Targeting F508del-CFTR to develop rational new therapies for cystic fibrosis

Abstract

The mutation F508del is the commonest cause of the genetic disease cystic fibrosis (CF). CF disrupts the function of many organs in the body, most notably the lungs, by perturbing salt and water transport across epithelial surfaces. F508del causes harm in two principal ways. First, the mutation prevents delivery of the cystic fibrosis transmembrane conductance regulator (CFTR) to its correct cellular location, the apical (lumen-facing) membrane of epithelial cells. Second, F508del perturbs the Cl(-) channel function of CFTR by disrupting channel gating. Here, we discuss the development of rational new therapies for CF that target F508del-CFTR. We highlight how structural studies provide new insight into the role of F508 in the regulation of channel gating by cycles of ATP binding and hydrolysis. We emphasize the use of high-throughput screening to identify lead compounds for therapy development. These compounds include CFTR correctors that restore the expression of F508del-CFTR at the apical membrane of epithelial cells and CFTR potentiators that rescue the F508del-CFTR gating defect. Initial results from clinical trials of CFTR correctors and potentiators augur well for the development of small molecule therapies that target the root cause of CF: mutations in CFTR.

Figure 1

Single-channel activity of wild-type and F508del-CFTR. Representative recordings of wild-type and F508del-CFTR Cl⁻ channels in excised inside-out membrane patches from C127 cells expressing recombinant CFTR. ATP (1 mmol/L) and PKA (75 nmol/L) were continuously present in the intracellular solution, voltage was clamped at -50 mV, and a large Cl⁻ concentration gradient was imposed across the membrane patch ([Cl⁻]_Ext=10 mmol/L; [Cl⁻]_Int=147 mmol/L). Dashed lines indicate where the channels are closed and downward deflections correspond to channel openings. Beneath each of the prolonged 20 s recordings, the last 1 s of the record is shown on an expanded scale. Other details are as described in Cai and Sheppard. Modified, with permission, from Cai and Sheppard.

Figure 2

The organization of the ATP-binding sites in CFTR. The simplified model shows the molecular architecture of ATP-binding site 1 (site 1) and ATP-binding site 2 (site 2) in an open CFTR Cl⁻ channel.

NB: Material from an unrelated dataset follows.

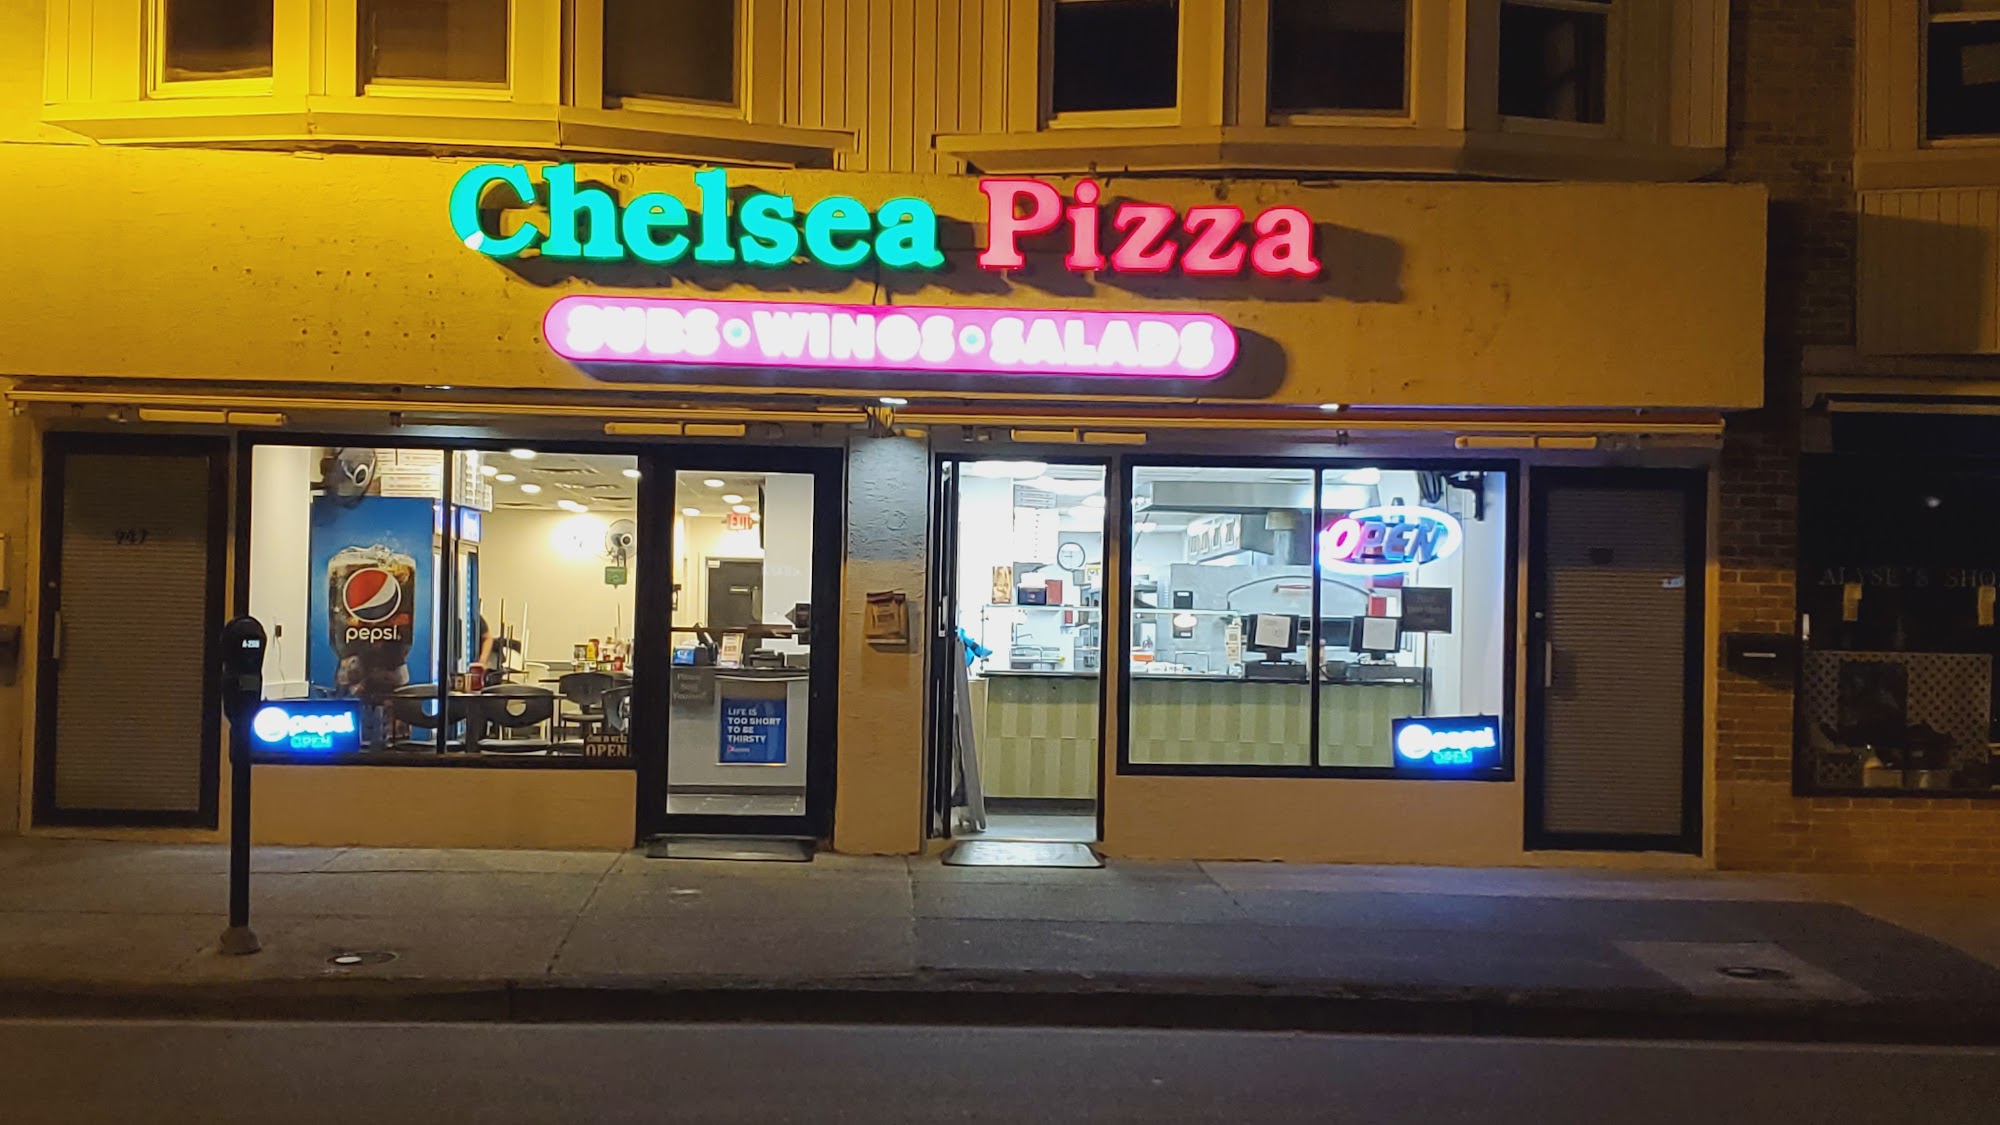 Chelsea pizza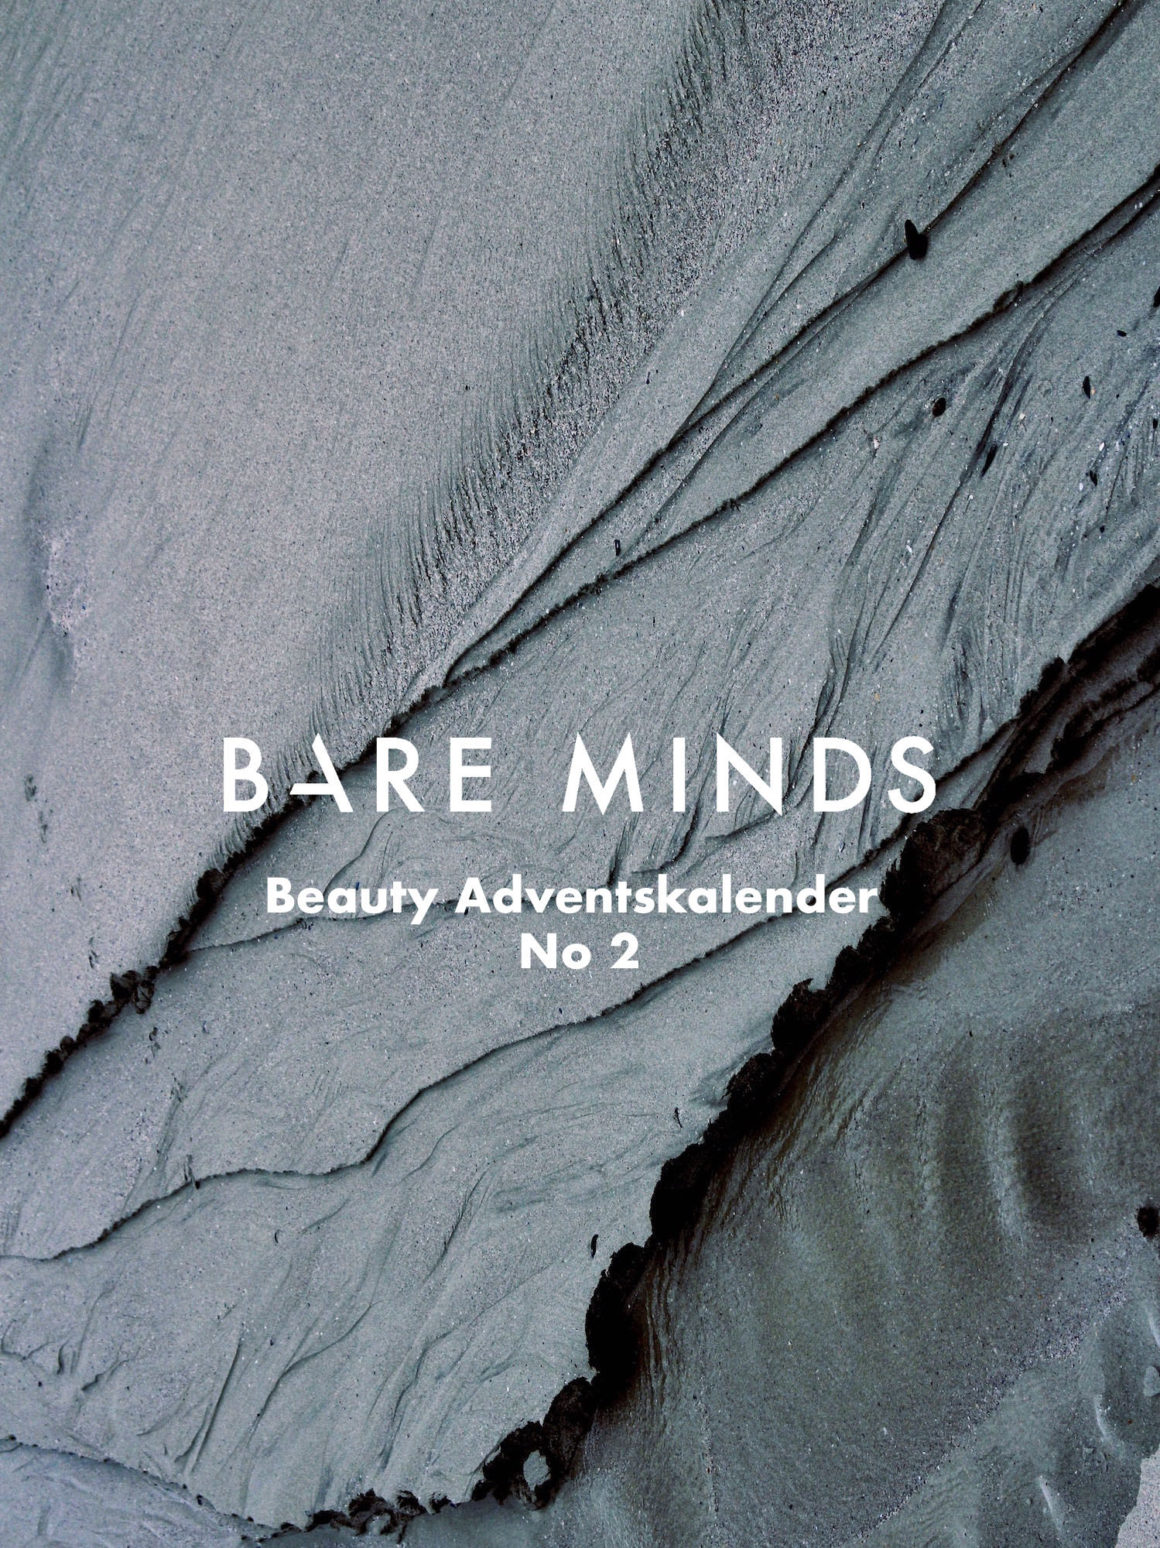 Bare Minds Beauty Adventskalender 2019 02_

Each ATP-binding site is formed by the Walker A and B motifs (labeled A and B, respectively) of one NBD and the LSGGQ motif of the other NBD. Site 2 contains a canonical LSGGQ motif, whereas site 1 contains a non-canonical LSGGQ motif (LSHGH). Site 2 also contains a catalytic base (E1371) at the distal end of the Walker B motif, but this residue is absent in site 1 (S573). The location of the CF mutation F508del on the surface of NBD1 opposite intracellular loop 4 (ICL4) is shown by an asterisk. Abbreviations: MSD, membrane-spanning domain; NBD, nucleotide-binding domain; P, phosphorylation of the RD; P_i, inorganic phosphate; RD, regulatory domain. In and out denote the intra- and extracellular sides of the membrane, respectively. See text for further information. Modified, with permission, from Hwang and Sheppard.

Figure 3

Chemical structures of some CFTR correctors identified by HTS. Abbreviations: Corr-4a, N-[2-(5-Chloro-2-methoxy-phenylamino)-4′-methyl-[4,5′]bithiazolyl-2′-yl]-benzamide; VRT-325, 4-Cyclohexyloxy-2-{1-[4-(4-methoxy-benzensulfonyl)-piperazin-1-yl]-ethyl}-quinazoline; RDR1, 5-(4-nitrophenyl)-2-furaldehyde 2-phenylhydrazone.

Figure 4

Chemical structures of some CFTR potentiators identified by HTS. Abbreviations: ΔF508_act-02, 2-(2-chlorobenzamido)-4,5,6,7-tetrahydro-3H-indene-1-carboxamide; VRT-532, 4-methyl-2-(5-phenyl-1H-pyrazol-3-yl)phenol; VX-770, N-(2,4-di-tert-butyl-5-hydroxyphenyl)-4-oxo-1,4-dihydroquinoline-3-carboxamide. For comparison, the chemical structure of genistein is shown.